A plant-based feast for dinner. 

I wanted to push the boat out and make something really nice for dinner: It had to be healthy and a bit celebrational, a feast for the senses. I managed to buy some aubergines, one for each person, so I made a dish of zata’ar aubergine, salads and flatbreads. The main part of the dish, the roasted aubergine, is something my son thought up, having seen a version suggested by the chef Yotam Ottolenghi. (The original uses buttermilk or yogurt, so here is my plant-based  version!) Zata’ar is a lovely blend of strong herbs with a middle eastern flavour. These days it’s not too difficult to find in supermarkets and shops, and using a liberal sprinkling takes this dish to another level.

First of all, the flatbreads: I made a yeast starter with warm water, dried yeast and a teaspoonful of sugar and left it to ferment for ten minutes, then I mixed it into two cupfuls of strong flour, a pinch of salt, the juice and zest of a lemon (I love zest, so I put a whole lemon’s worth in, but adjust to your tastes), some chopped rosemary, two tablespoons of plant-based yogurt. I added a little water until it became a firm dough, kneaded it for ten minutes and left it for half an hour. (If it seems too slack or sticky, add a bit more flour. I’m assuming you have flour. I’ve improvised with oats milled in a food processor or gluten-free flour or rice flour, but strong flour gives best results if you can find some.)

As well as the dough for the flatbreads, I made the aubergine dressing in advance; I poured boiling water on a cup full of cashew nuts, then after ten minutes I drained them and blended them with coconut yogurt, the juice from half a lemon, a good sprinkle of zata’ar, a tablespoon of nutritional yeast, and a pinch of salt and pepper.
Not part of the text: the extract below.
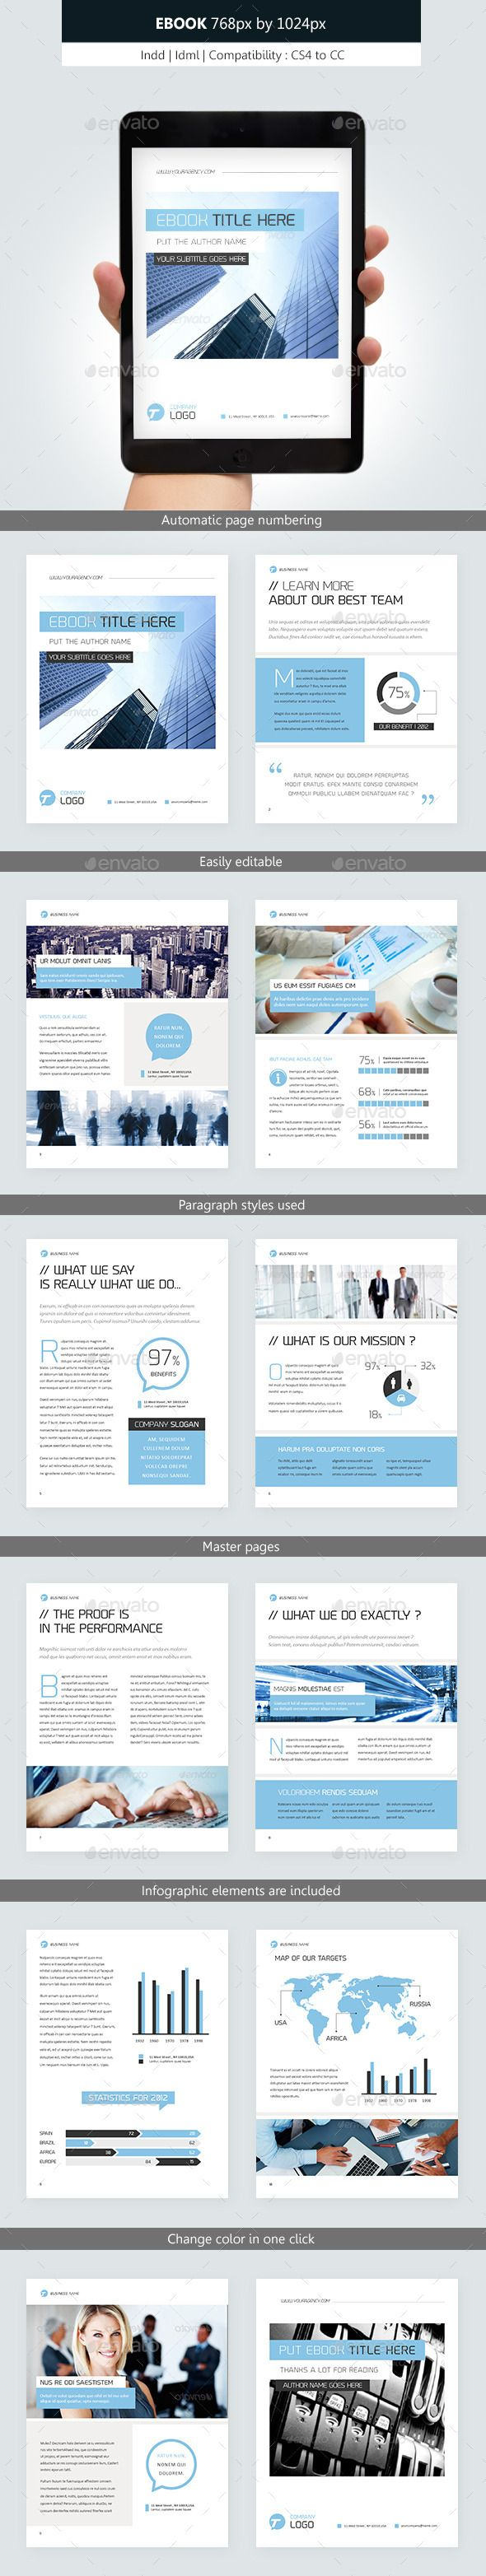 Corporate Ebook Template Design vol.2

A pouring consistency is ideal so a little plant milk or yogurt can be added if it seems too thick.

I roasted the aubergines, halved and with several knife-scored cuts in the flesh (with a bit of olive oil massaged in) in the oven on 180°C .They become brown, soft and unctuous after thirty minutes, but it’s a good idea to check their progress after twenty. They shouldn’t need more than forty minutes! Once they are cooked, and a sharp knife goes easily into the soft flesh of the aubergine, sprinkle them with some lemon juice and keep them warm. 

While the aubergines were roasting, I made a couple of salads: a coleslaw with red cabbage, carrots, raisins, walnuts and onions in some plant-based mayo and lime juice; a leaf and tomato salad with lemon juice, oil and zata’ar dressing, and an oil and balsamic three-bean salad with a bit of chopped chilli for some warmth, a small drained can of sweet corn, chopped red onion, chopped peppers and a few fresh herbs (parsley or coriander), with some pomegranate seeds on the top.
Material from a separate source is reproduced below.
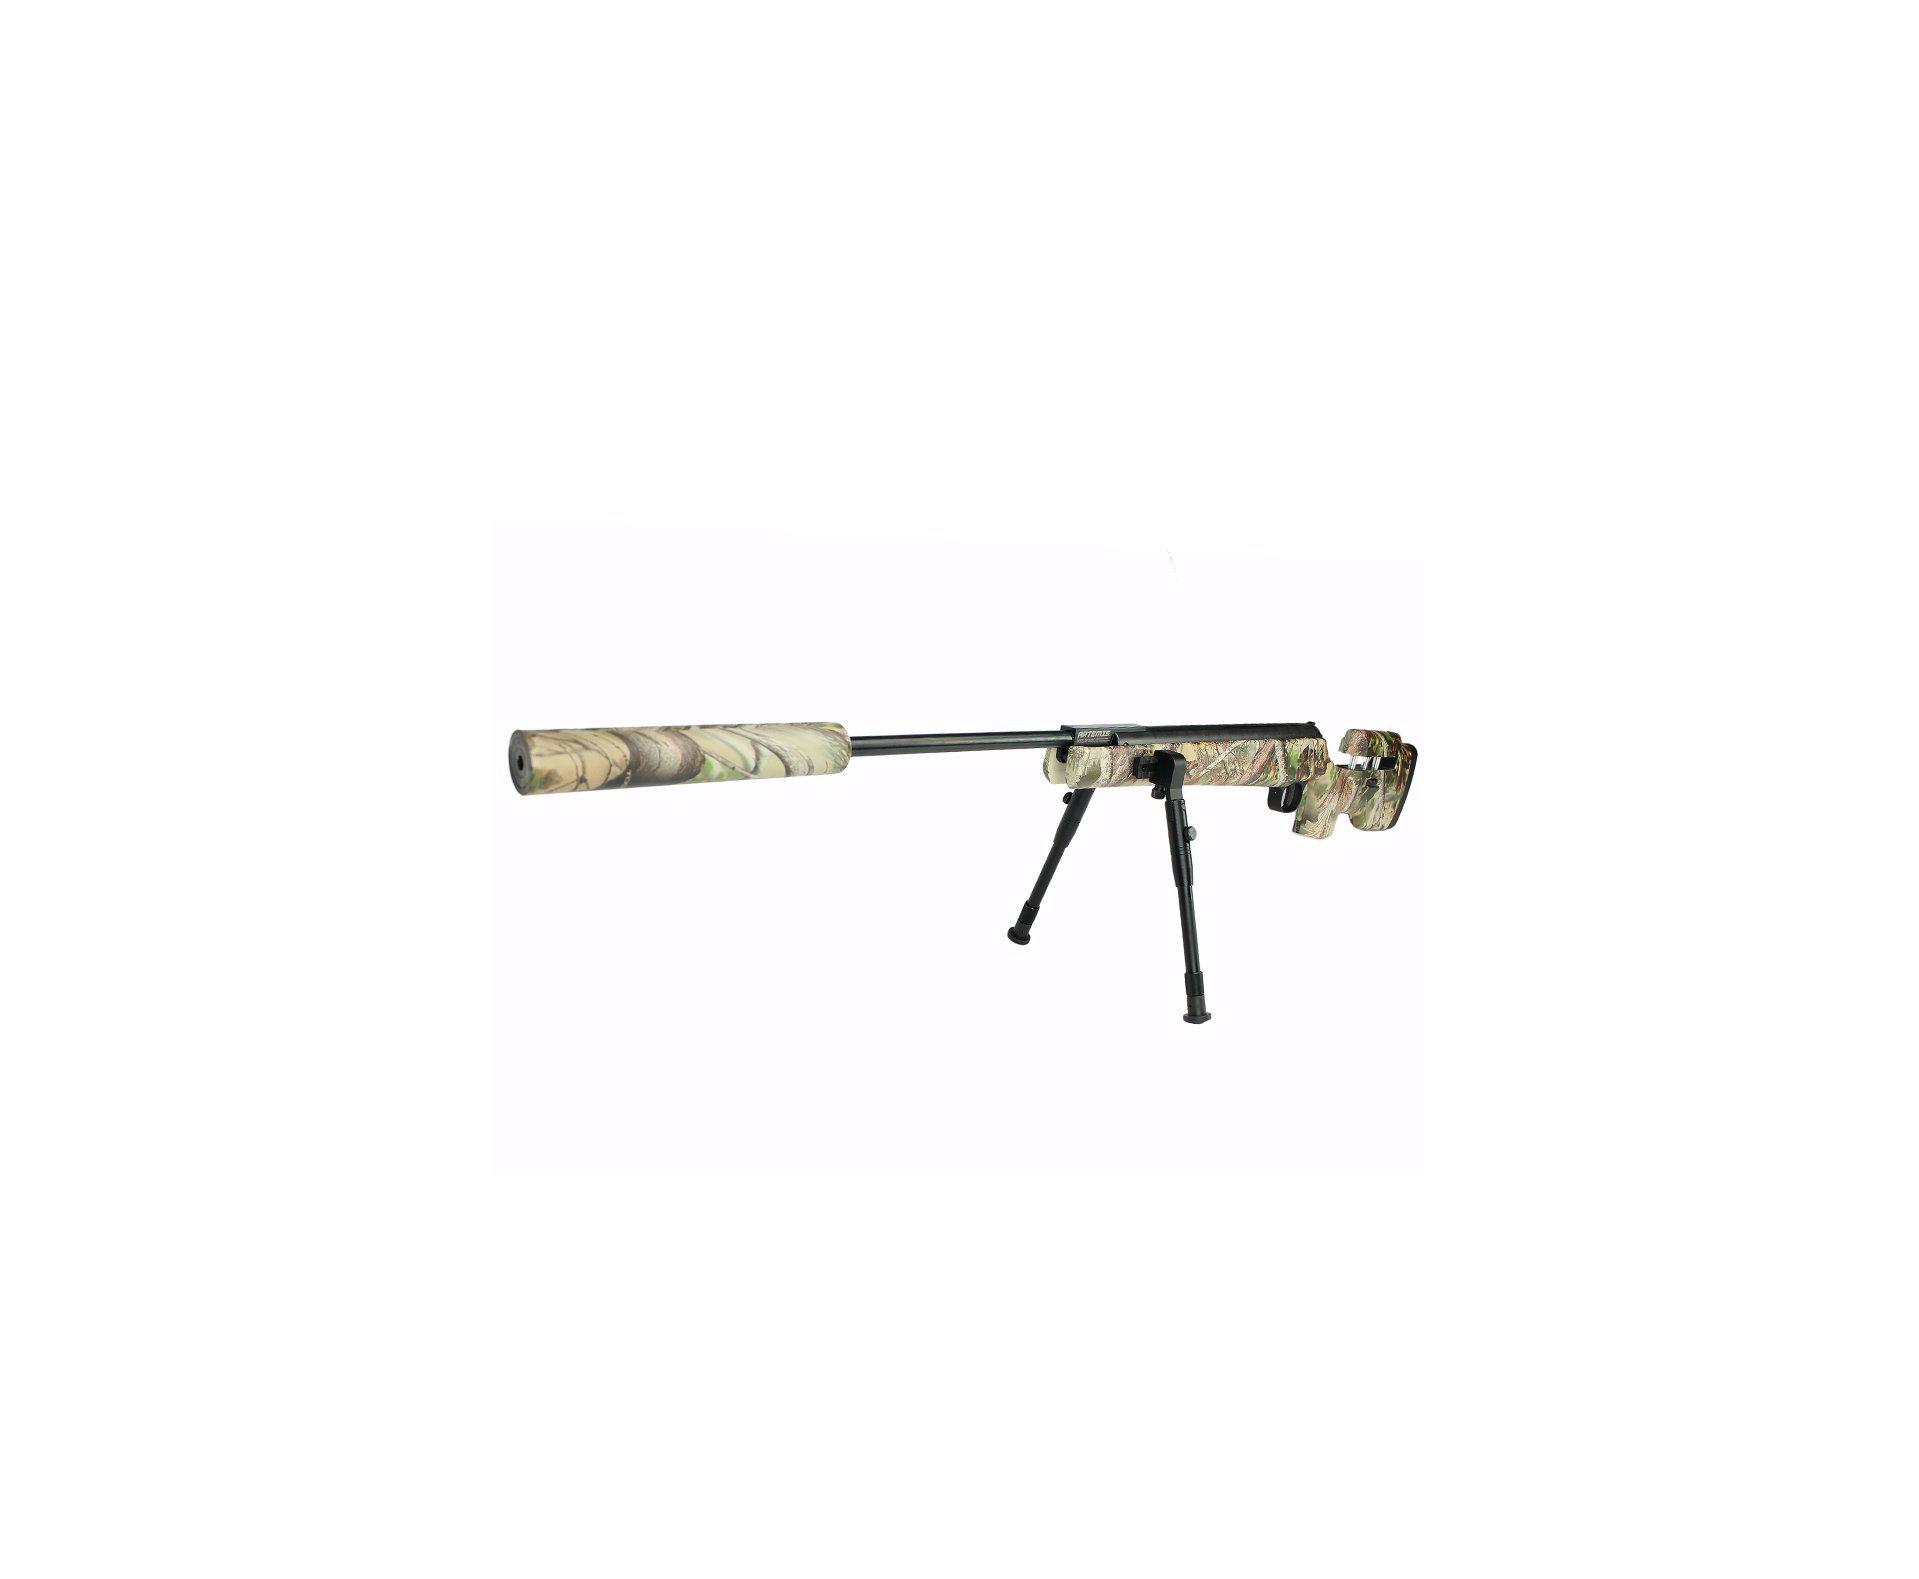 Carabina De Pressão Artemis Gp 1250c Sniper Gas Ram 70kg Camuflada 5.5mm

The bread, once risen, is divided into six portions and each one is rolled out flat then fried in a very hot pan with very little oil, turning once, so that it is puffy and brown, cooked on both sides.

To serve, put the flatbreads on a large plate alongside the salads. Serve up two roasted aubergines per person, smothering them with the cashew dressing and decorate the top with an extra sprinkling of zata’ar and few pomegranate seeds. Everyone can serve themselves as much or little salad and flatbreads as they like with their aubergine.

It is really delicious, it smells heavenly and it’s an easy meal to cook and prepare. And, like so many of my recipes here, goes just perfectly with a nice, full-bodied red wine too… Happy cooking!

 

Banana Bread  recipe – because we’re all making it

Apparently, during the lockdown, everyone is becoming an expert at making banana bread. There are lots of recipes for plant-based banana bread; some are crumbly and light and some turn out a bit rubbery. I love the idea of using up overripe bananas as they are so nutritious.This recipe makes a delicious, airy banana bread that slices well, stays fresh for several days and is nice by itself or spread with plant-based butter.

You will need two bowls or a bowl and a blender. In the larger bowl, put 250 grams of plain flour, a pinch of cinnamon, a teaspoonful of bicarbonate of soda, 70 grams of brown sugar (or more if you have a sweet tooth), a pinch of salt and you can immerse some blueberries in the dry mix. 

In the blender/ the other bowl, put two ripe bananas, a teaspoonful of vanilla paste, a tablespoon of cider vinegar, four tablespoons of light oil and 60 ml of plant milk – I use oat. Blend or blitz the wet ingredients and then mix the liquid blend into the dry one. Add a bit more milk if the mixture needs loosening a little. It should resemble cake mix, not too thick and not too sloppy. Pour it into a greased loaf tin.

Bake it for 40 minutes at 180* and then check it. The banana bread  may need another ten minutes. It’s done when a toothpick comes out clean.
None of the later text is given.